Conserved sequence: A base sequence in a DNA molecule (or an amino acid sequence in a protein) that has remained essentially unchanged throughout evolution.

Contig map: A map depicting the relative order of a linked library of small overlapping clones representing a complete chromosomal segment.

Contigs: Groups of clones representing overlapping regions of a genome.

Cosmid: Artificially constructed cloning vector containing the cos gene of phage lambda. Cosmids can be packaged in lambda phage particles for infection into E. coli; this permits cloning of larger DNA fragments (up to 45 kb) than can be introduced into bacterial hosts in plasmid vectors.

Crossing over: The breaking during meiosis of one maternal and one paternal chromosome, the exchange of corresponding sections of DNA, and the rejoining of the chromosomes. This process can result in an exchange of alleles between chromosomes. Compare recombination.

Cytosine (C): A nitrogenous base, one member of the base pair G-C (guanine and cytosine).

Deoxyribonucleotide: See nucleotide.

Diploid: A full set of genetic material, consisting of paired chromosomes one chromosome from each parental set. Most animal cells except the gametes have a diploid set of chromosomes. The diploid human genome has 46 chromosomes. Compare haploid.

DNA (deoxyribonucleic acid): The molecule that encodes genetic information. DNA is a double-stranded molecule held together by weak bonds between base pairs of nucleotides. The four nucleotides in DNA contain the bases: adenine (A), guanine (G), cytosine (C), and thymine (T). In nature, base pairs form only between A and T and between G and C; thus the base sequence of each single strand can be deduced from that of its partner.

DNA probes: See probe.

DNA replication: The use of existing DNA as a template for the synthesis of new DNA strands. In humans and other eukaryotes, replication occurs in the cell nucleus.

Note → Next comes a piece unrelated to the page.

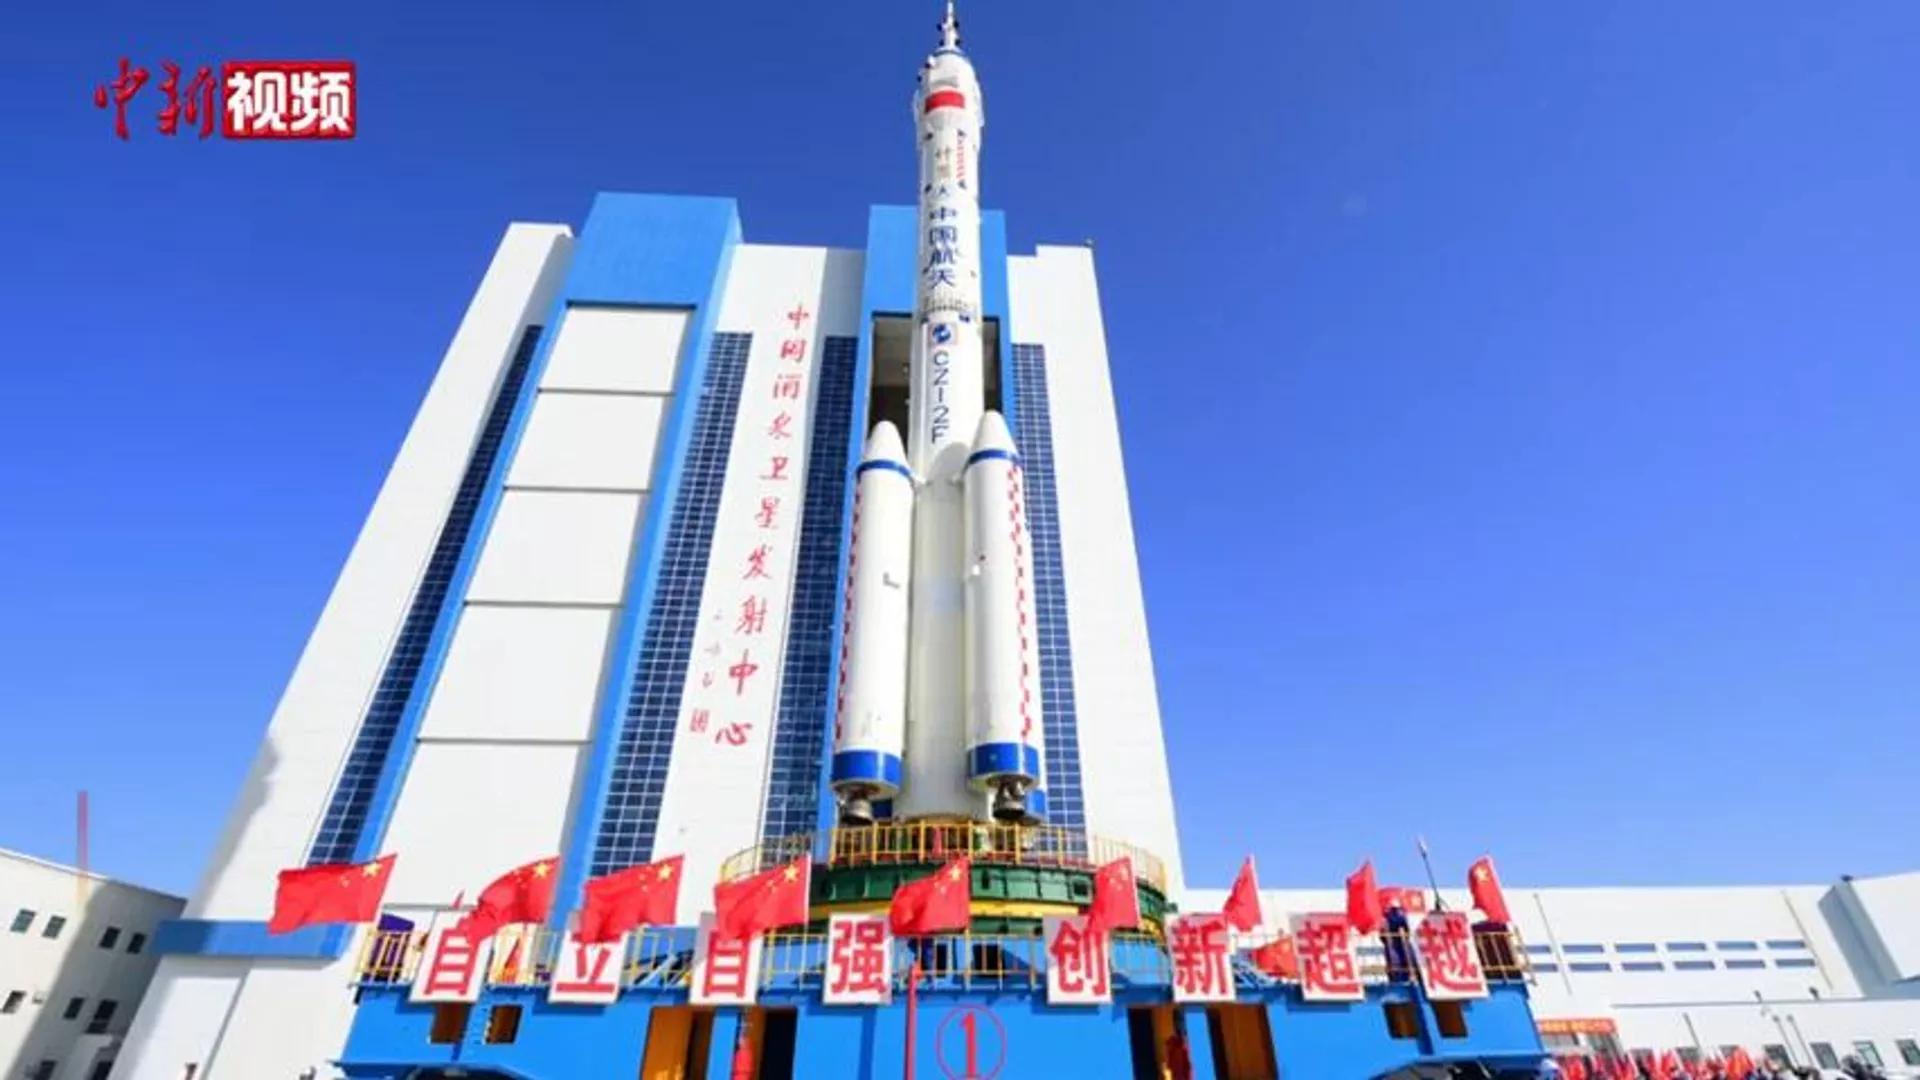 China to Launch Shenzhou-16 Space Mission to Orbital Station on May 30 - Space Agency

DNA sequence: The relative order of base pairs, whether in a fragment of DNA, a gene, a chromosome, or an entire genome. See base sequence analysis.

Domain: A discrete portion of a protein with its own function. The combination of domains in a single protein determines its overall function.

Double helix: The shape that two linear strands of DNA assume when bonded together.

E. coli: Common bacterium that has been studied intensively by geneticists because of its small genome size, normal lack of pathogenicity, and ease of growth in the laboratory.

Electrophoresis: A method of separating large molecules (such as DNA fragments or proteins) from a mixture of similar molecules. An electric current is passed through a medium containing the mixture, and each kind of molecule travels through the medium at a different rate, depending on its electrical charge and size. Separation is based on these differences. Agarose and acrylamide gels are the media commonly used for electrophoresis of proteins and nucleic acids.

Endonuclease: An enzyme that cleaves its nucleic acid substrate at internal sites in the nucleotide sequence.

Enzyme: A protein that acts as a catalyst, speeding the rate at which a biochemical reaction proceeds but not altering the direction or nature of the reaction.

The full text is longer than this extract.